Instructions for the task:
Without including any images, repeat the listing below exactly.

Data below:
BEGIN

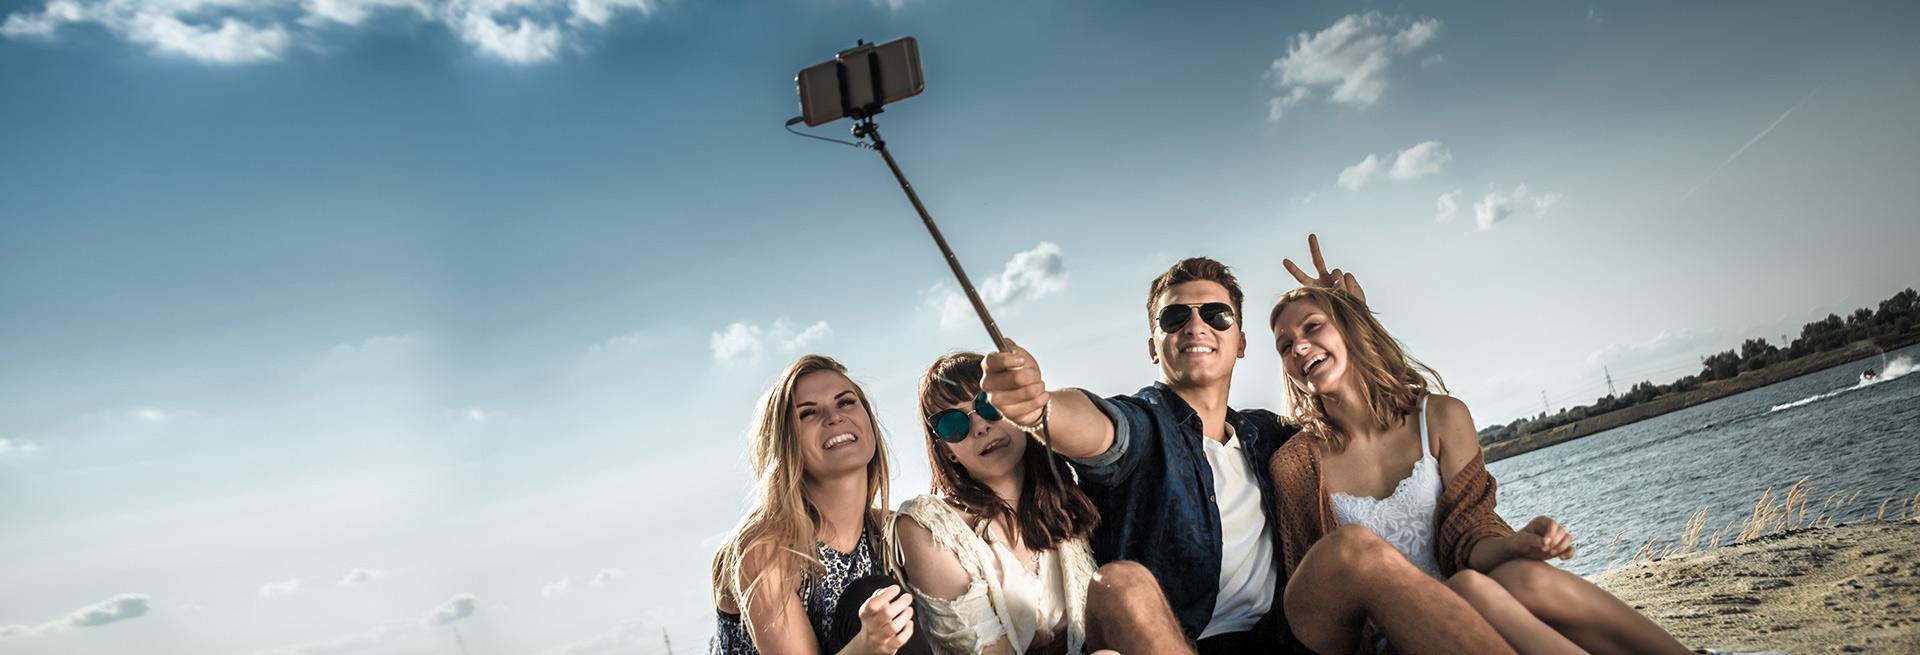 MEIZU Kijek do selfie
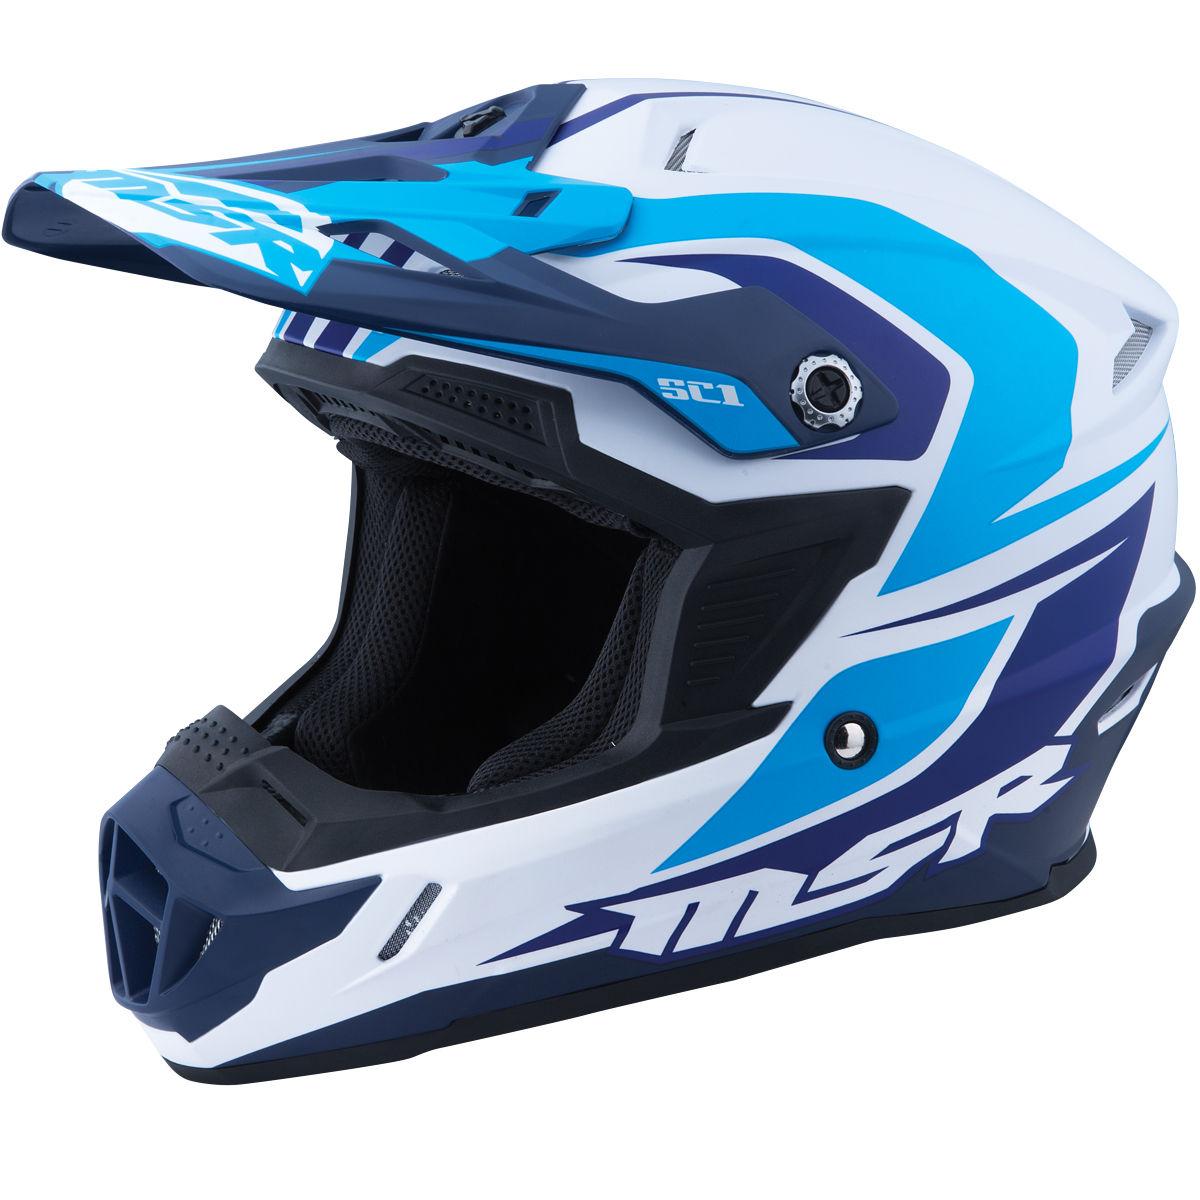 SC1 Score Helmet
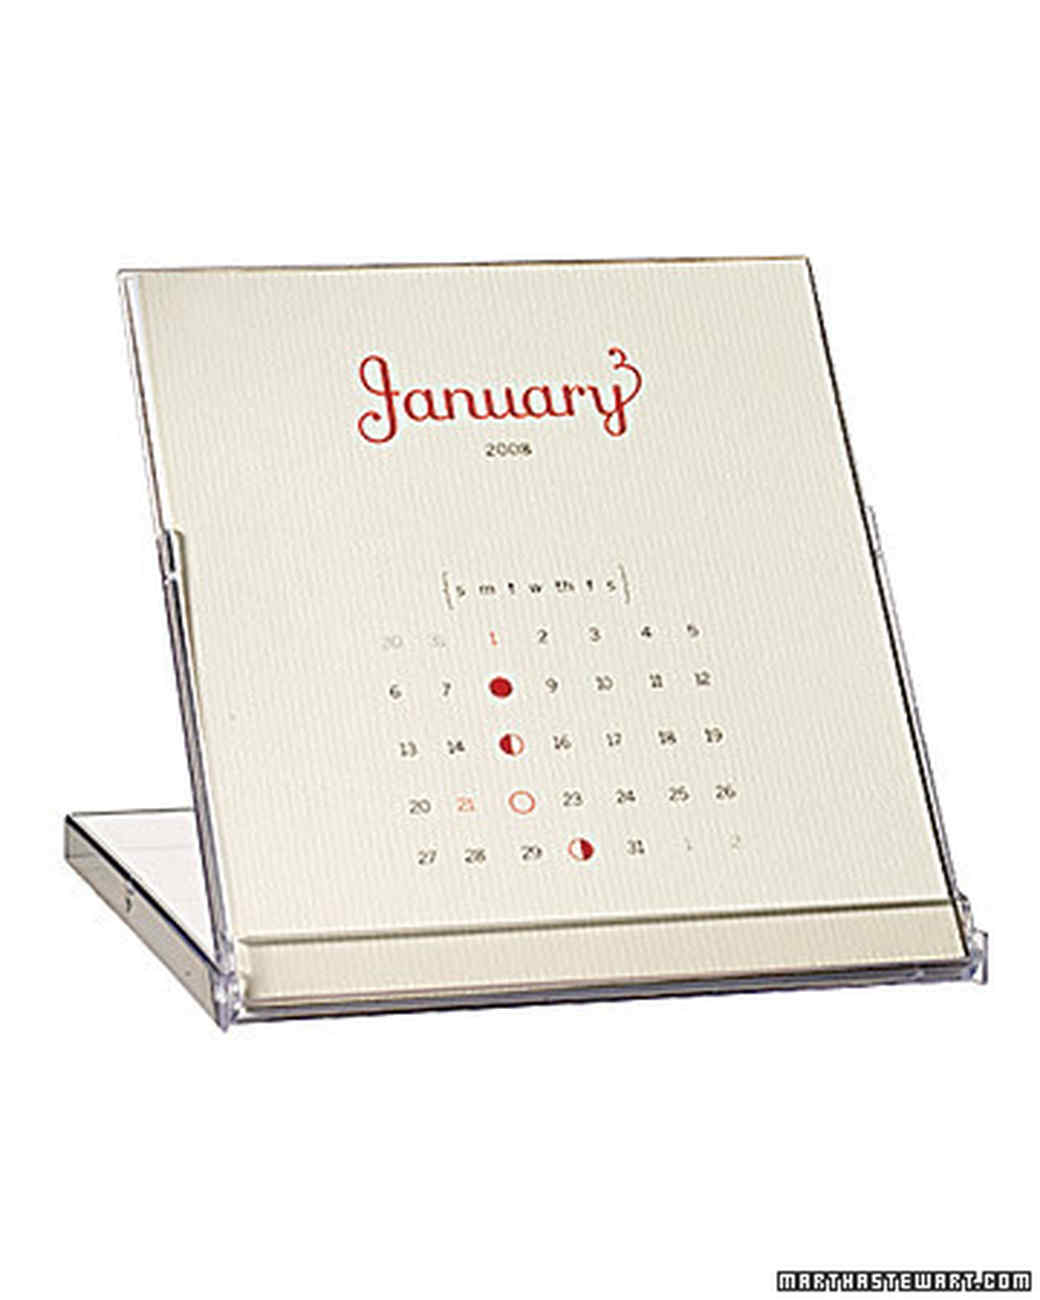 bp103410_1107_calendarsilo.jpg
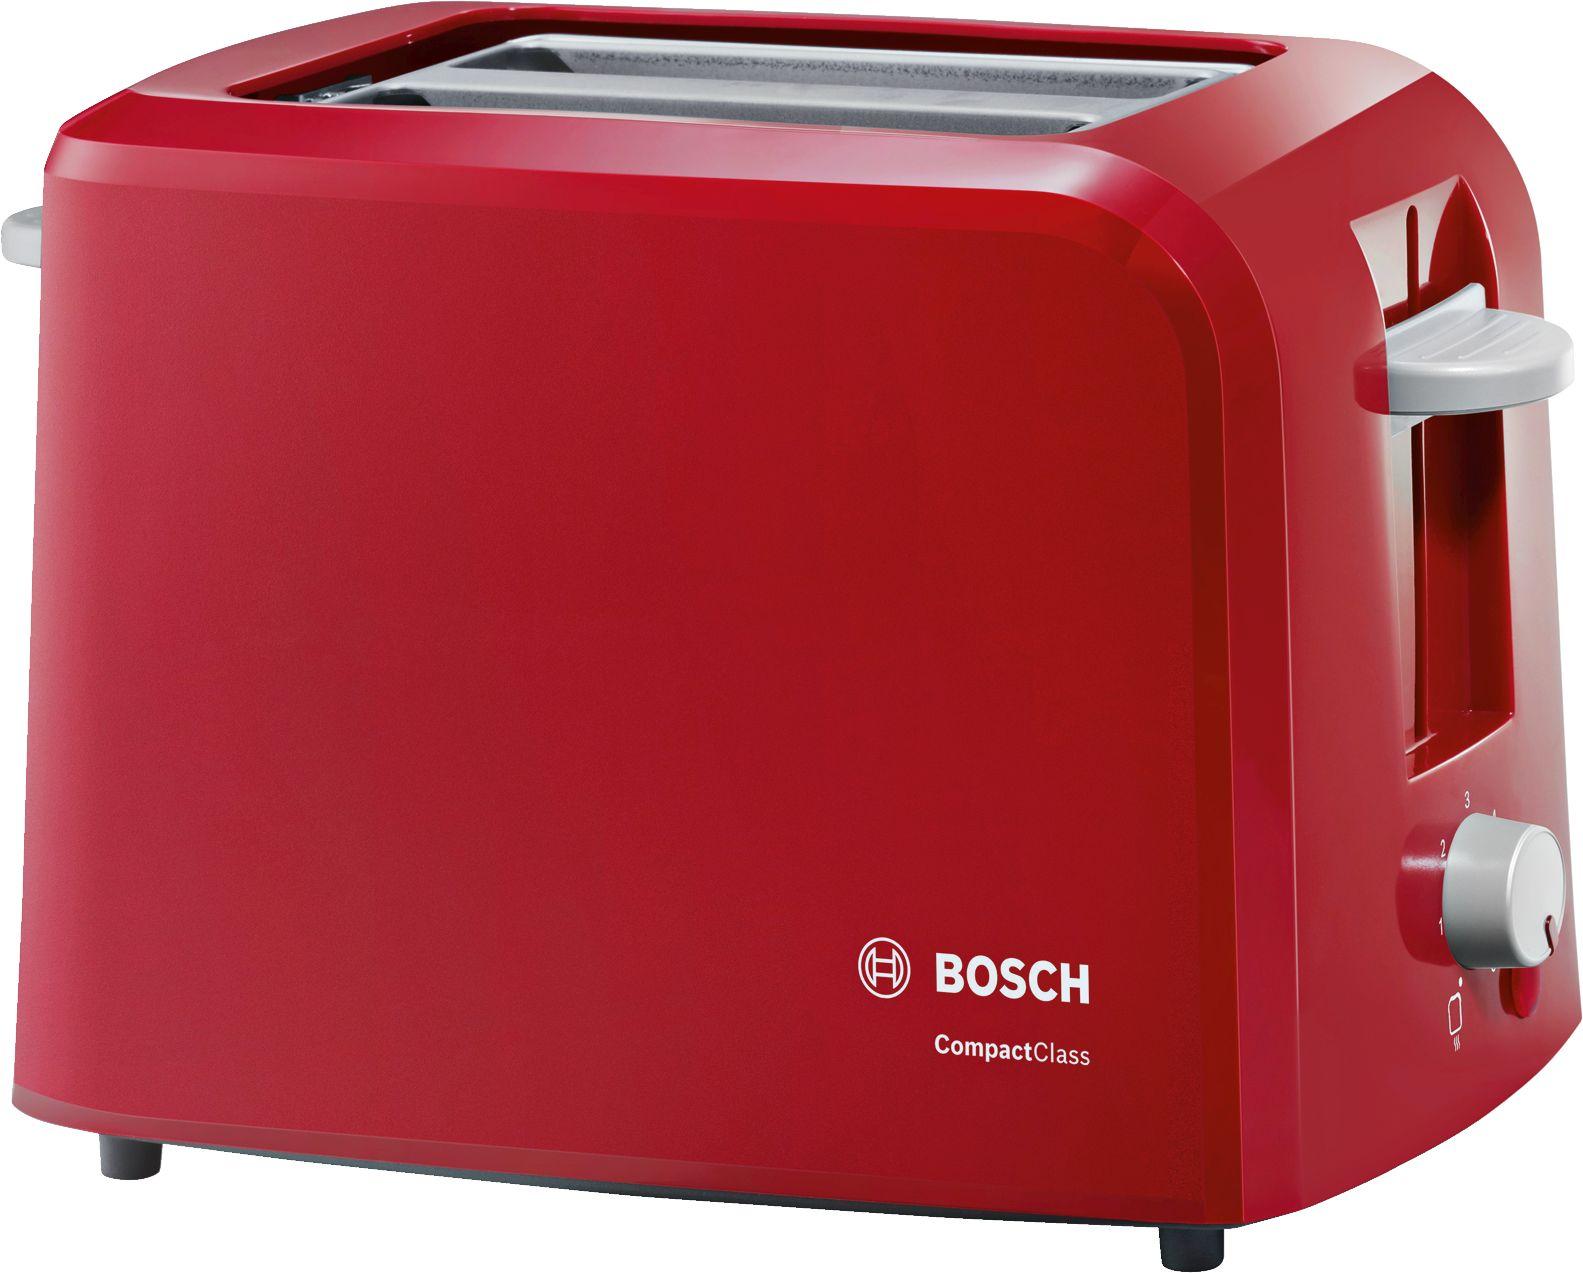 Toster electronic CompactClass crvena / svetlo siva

END

Written answer:
 MEIZU Kijek do selfie
 SC1 Score Helmet
 bp103410_1107_calendarsilo.jpg
 Toster electronic CompactClass crvena / svetlo siva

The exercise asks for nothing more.